Power belongs in the hands of the people
Before I forget, I had been meaning some months ago to post a link to Daniel Biss's campaign for the Illinois House. I became aware of his campaign about the time that I wrote this post about my friend Seth, who like Daniel was one of the math genius crowd in Bloomington. Anyway this interview is worth a read, especially if you're in his district.
March 8, 2008
Oligarchy at the top
I'm a couple days late on this, but this WaPo piece on the inner workings of the Clinton campaign was just fascinating. There are numerous juicy bits in there, but maybe the most disturbing section deals with the campaign's inability to manage Bill Clinton. It makes the oft-repeated criticism that there will be two separate staffs walking around another Clinton White House sound very plausible.
A couple of weeks ago I watched the documentary The War Room, made in 1992 about the first Clinton presidential campaign. I wasn't all that impressed with it as a film -- I felt that it wasn't nearly as informative or revealing as it could have been with a little more context -- but it did give me a sense of how the people at the top worked with each other, and the contrast with the above article is pretty striking.
March 7, 2008
Shunting jam
This post by suttonhoo (who's pretty much the master of infectious nostalgia) will probably have me ordering gooseberry jam from halfway across the country, and don't get me started on how insane that is. But I know already that it won't be entirely satisfying, because this gooseberry jam is is green, and the jam in my memory is red.
When I was a kid, we had numerous gooseberry bushes in the backyard, and my sister and I spent half the summer picking gooseberries, bearding them, and convincing mom to make gooseberry pie (at dad's behest, usually). Then at the end of the summer, we'd turn the last ripening gooseberries into gooseberry jam, which we'd eat all year long. But since the last gooseberries are sweeter and red, the jam would have those same characteristics, and of course that's what I remember.
I'm really looking forward to the spring -- moreso I think than any other year in my life, probably owing to the fact that we have a toddler now.

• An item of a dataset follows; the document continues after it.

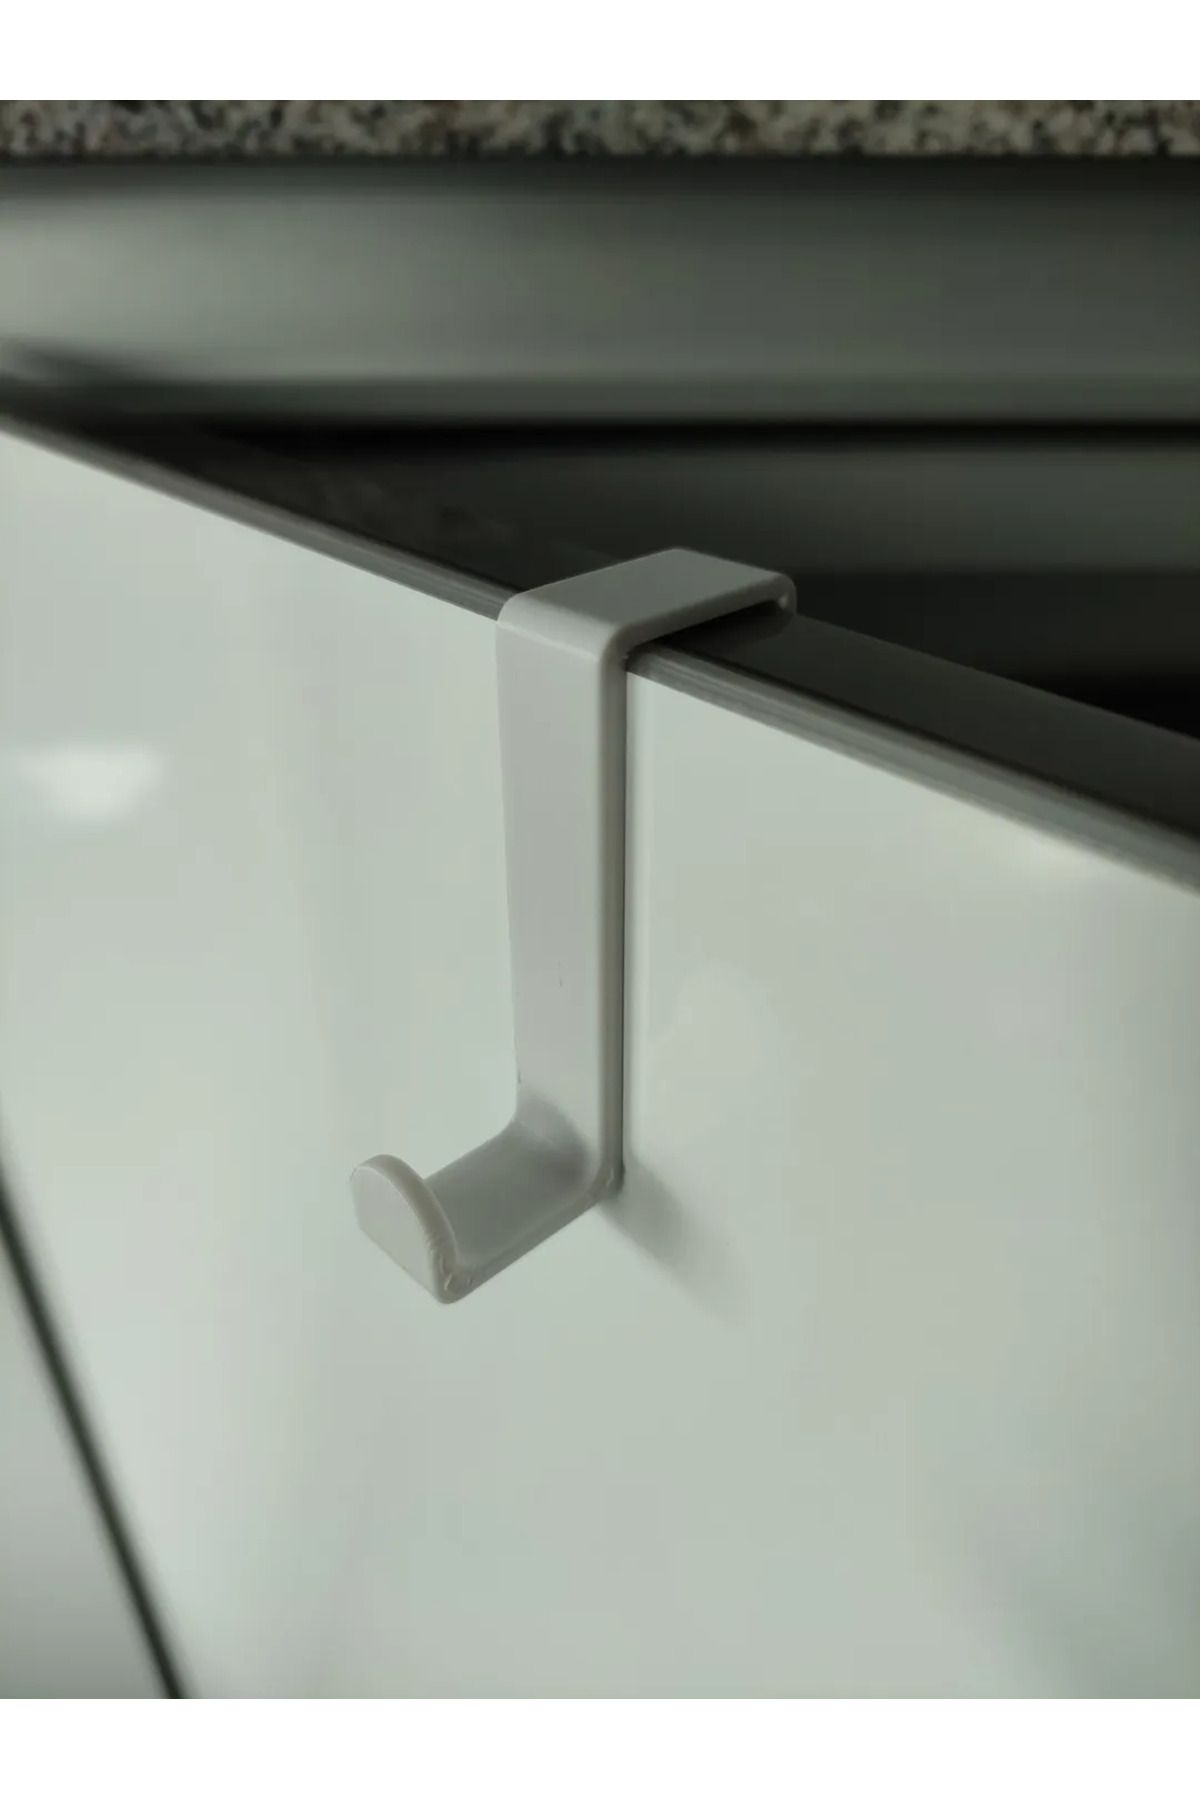 3D Stuff 4 Adet  Beyaz Yapışkanlı Askılık Kapı Arkası Bornoz Askılığı Mutfak Askı Banyo Askılık

She and I will put up some berry bushes in the yard, and maybe at the end of the summer we'll make jam.
March 6, 2008
Still-life photography made delicious
Ryan Brenizer isn't a food photographer, but he has some good tips on taking food shots at home or in restaurants over at his Amazon blog. We don't get out to nearly as many restaurants as we used to, what with having a toddler around, but I still get to take some food shots at home.
On an ordinary evening
So yes, this blog has been either missing in action or completely uninspired for a long while, but for several reasons I need to get back in the act. Soon I'll be back with more political discussion, more frequent short link posts, and possibly more photography discussion. I'll also be working on a bit of a redesign for the site as well, so look out for that.